This is a follow up to Big Data Strategy & Roadmap - Our Data Journey blog and the focus is on different use cases that Treselle System's engineering team identified to demonstrate the basic power of Machine Learning (ML) and predictive analytics that Credit Unions can apply on their Member's data. The models are kept simple but insightful on purpose so that it is easy to understand for different CU stakeholders.

Please note that this is a mock data which was bit altered so that it is suitable for ML purpose.

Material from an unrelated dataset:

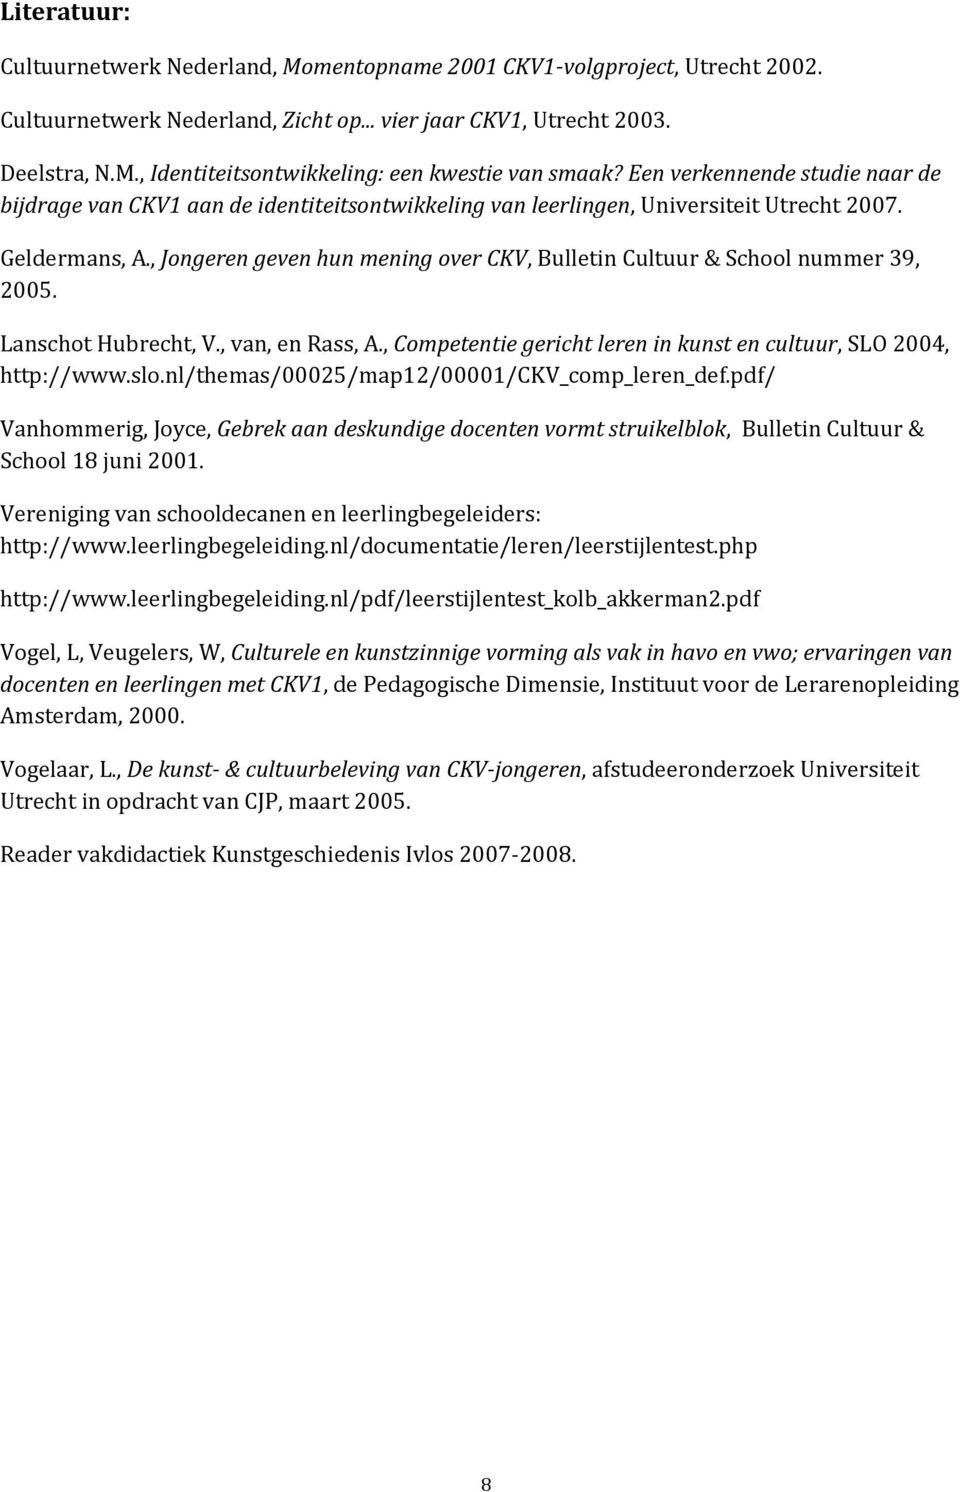 , Jongeren geven hun mening over CKV, Bulletin Cultuur & School nummer 39, 2005. Lanschot Hubrecht, V., van, en Rass, A., Competentie gericht leren in kunst en cultuur, SLO 2004, http://www.slo.
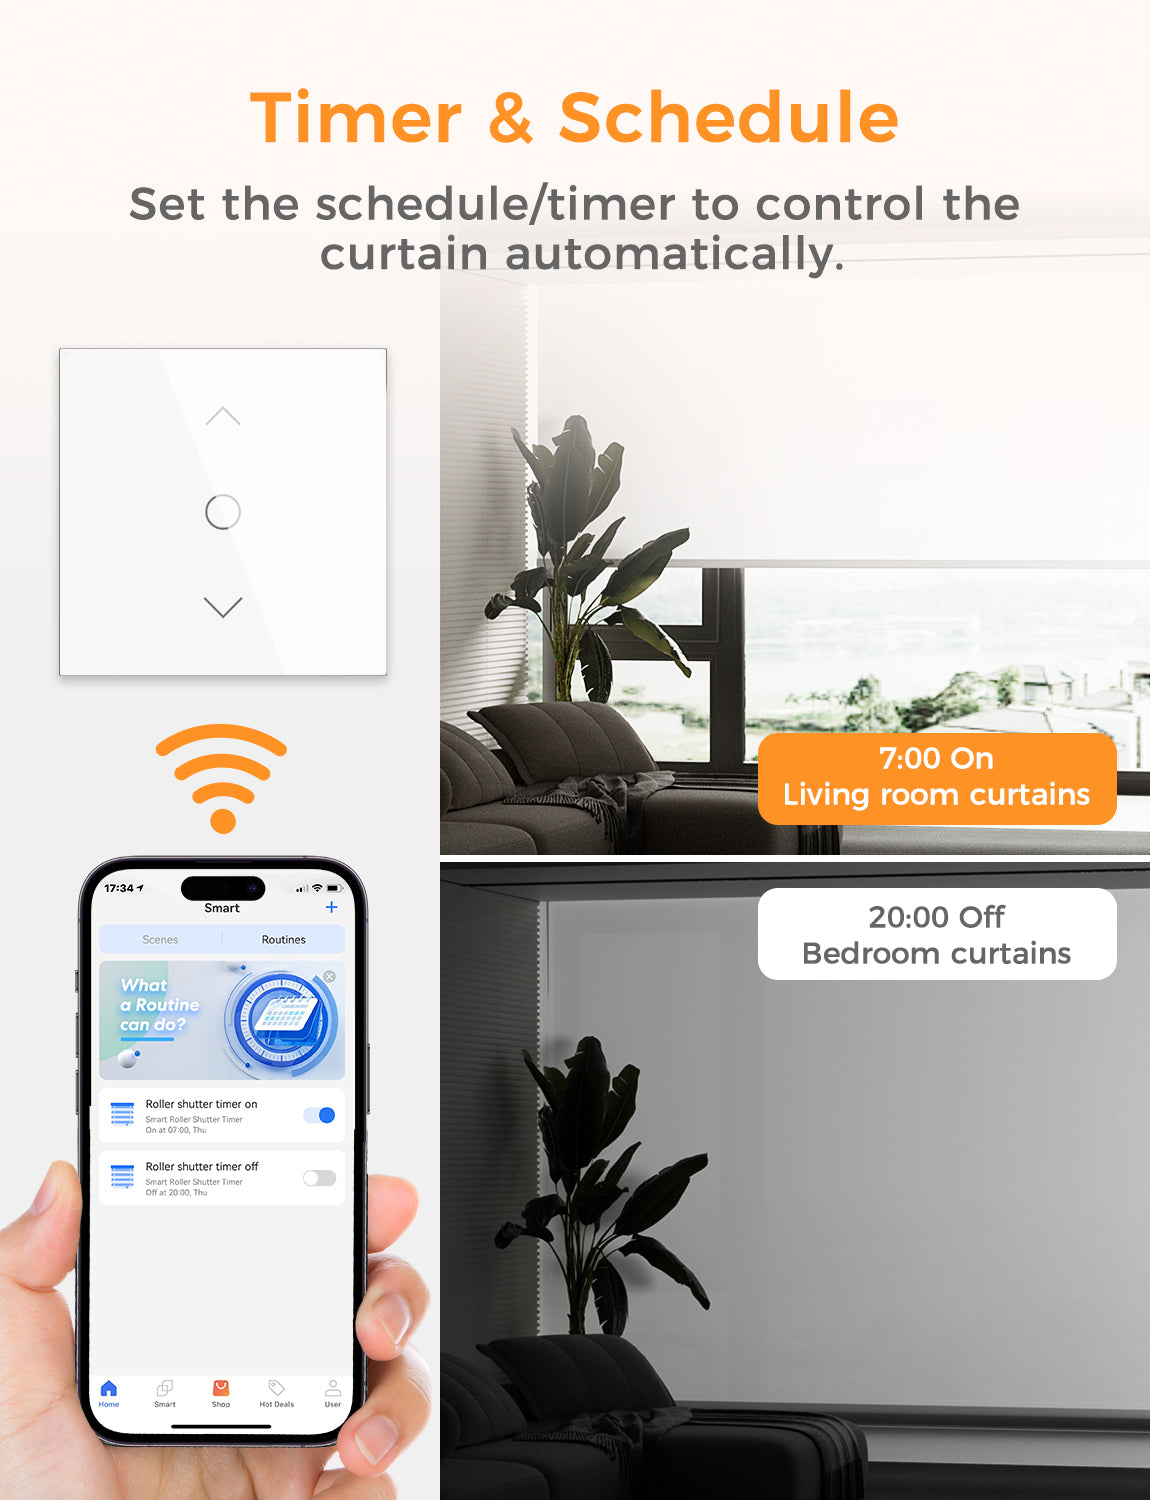 Refoss Smart Wi-Fi Roller Shutter Timer, RRS100HK (EU Version)

Use Case 1: Member Segmentation by Product


  • The objective is to understand how members are associated with different products (Checking, Savings, Auto, Home, Personal, Credit) and apply clustering to identify patterns on how members are distributed and find certain clusters for targeted marketing.
  • K-means clustering algorithm was applied and identified 6 clusters based on member attributes such as products currently associated and the balance amount.
  • For each cluster, the product probability is calculated based number of product count.
  • Members in cluster 4 and 5 have high percentage of Savings and Checking product types but very few Loan product types. This cluster can be used for promoting loan products.
  • Members in cluster 6 are strong in Savings account and can be targeted for Home Loans
  • Members in cluster 1 have higher loan products but less Savings account compared to other clusters. Its important to keep an eye on this cluster for any defaults or delinquencies
  • Click here for Demo URL

Use Case 2: Member Segmentation by Lifetime Value (LTV)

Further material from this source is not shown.